The Challenge of ‘Shared Growth’ in the European Periphery

Thursday, July 13, 2017
John McIntyre - Teaching Room 208 (University of Glasgow)
Niamh Hardiman , UCD
Electoral politics across Europe is under a great deal of pressure in the wake of the crisis, and especially in countries worst hit by the financial crisis. Party systems have fragmented across the European periphery, benefiting the far right in East Central Europe, but smaller left groupings on the western and southern periphery. Many commentators, inspired by Polanyi, point to growing problems of constrained state capacity which mean that strategies of compensation for those who are under most pressure from market exposure, and most reliant on strong public sector provisions, are under pressure.

EU-led fiscal retrenchment under the terms of the Fiscal Compact may be very relevant in accounting for these trends in the Eurozone. But domestic political choices with inegalitarian distributive consequences are a familiar sight too (as commentators on the Brexit vote have noted).
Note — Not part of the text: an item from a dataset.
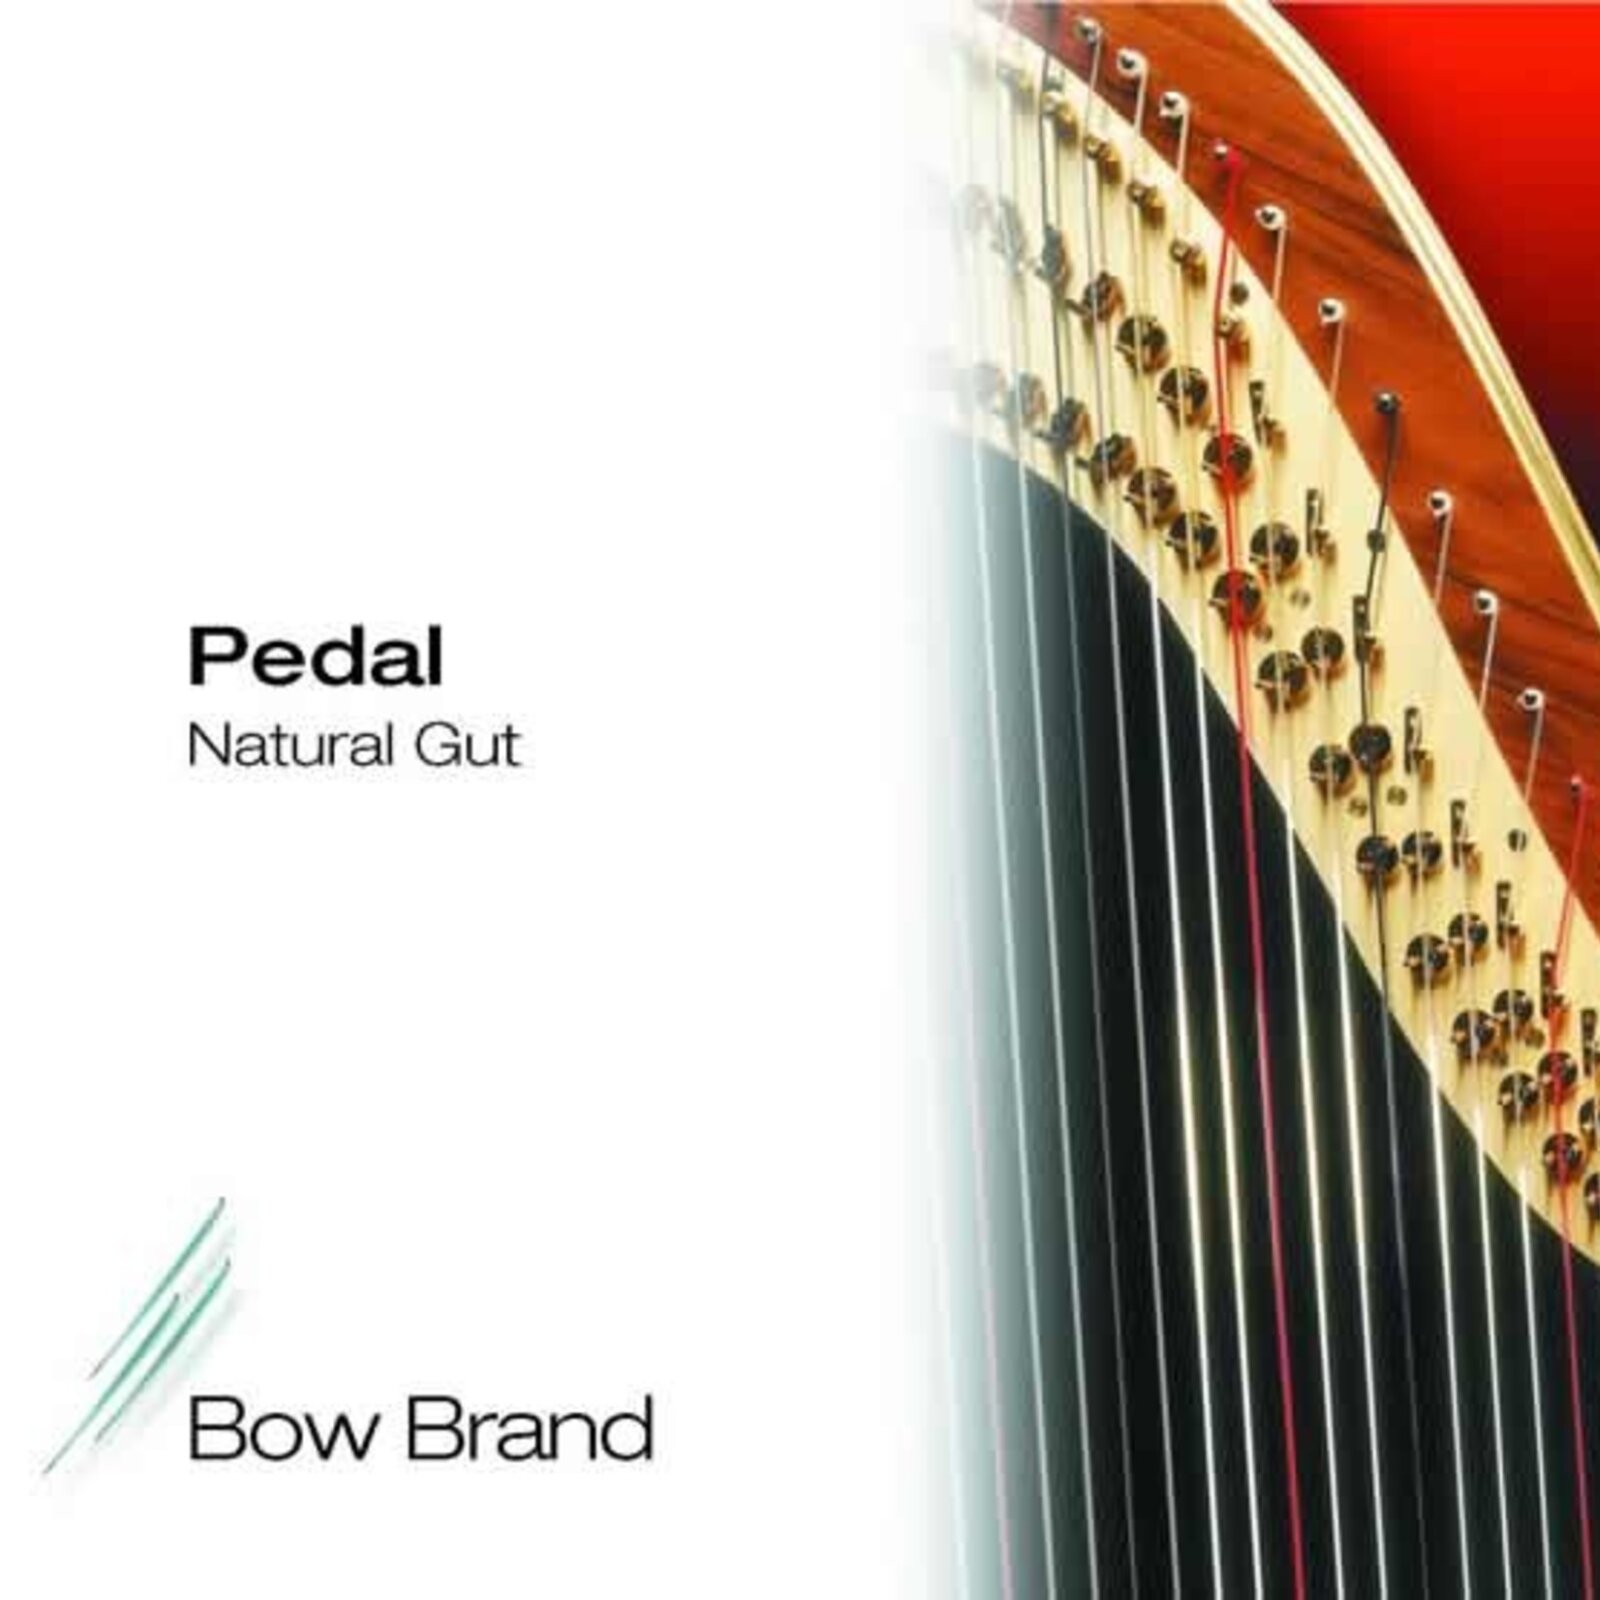 Bow Brand N 8 E 2nd octave in gut for pedal harp : photo 1

Responses to globalization and shifts in the composition of economic activity, in other words, are filtered through a domestic political economy that has deeper structural features.

Not all of the relevant variation is captured by ‘varieties of capitalism’. This paper suggests that a core-periphery perspective can help us understand some of the challenges experienced in periphery countries in generating strategies of ‘shared growth’, due to the distinctive features of their insertion into global markets, and the constrained choices available to them to combine growth policies with welfare state expansion. Contemporary dilemmas are set in a longer-term perspective, to shed light on the comparative experiences of Ireland, Spain, Portugal, and Greece.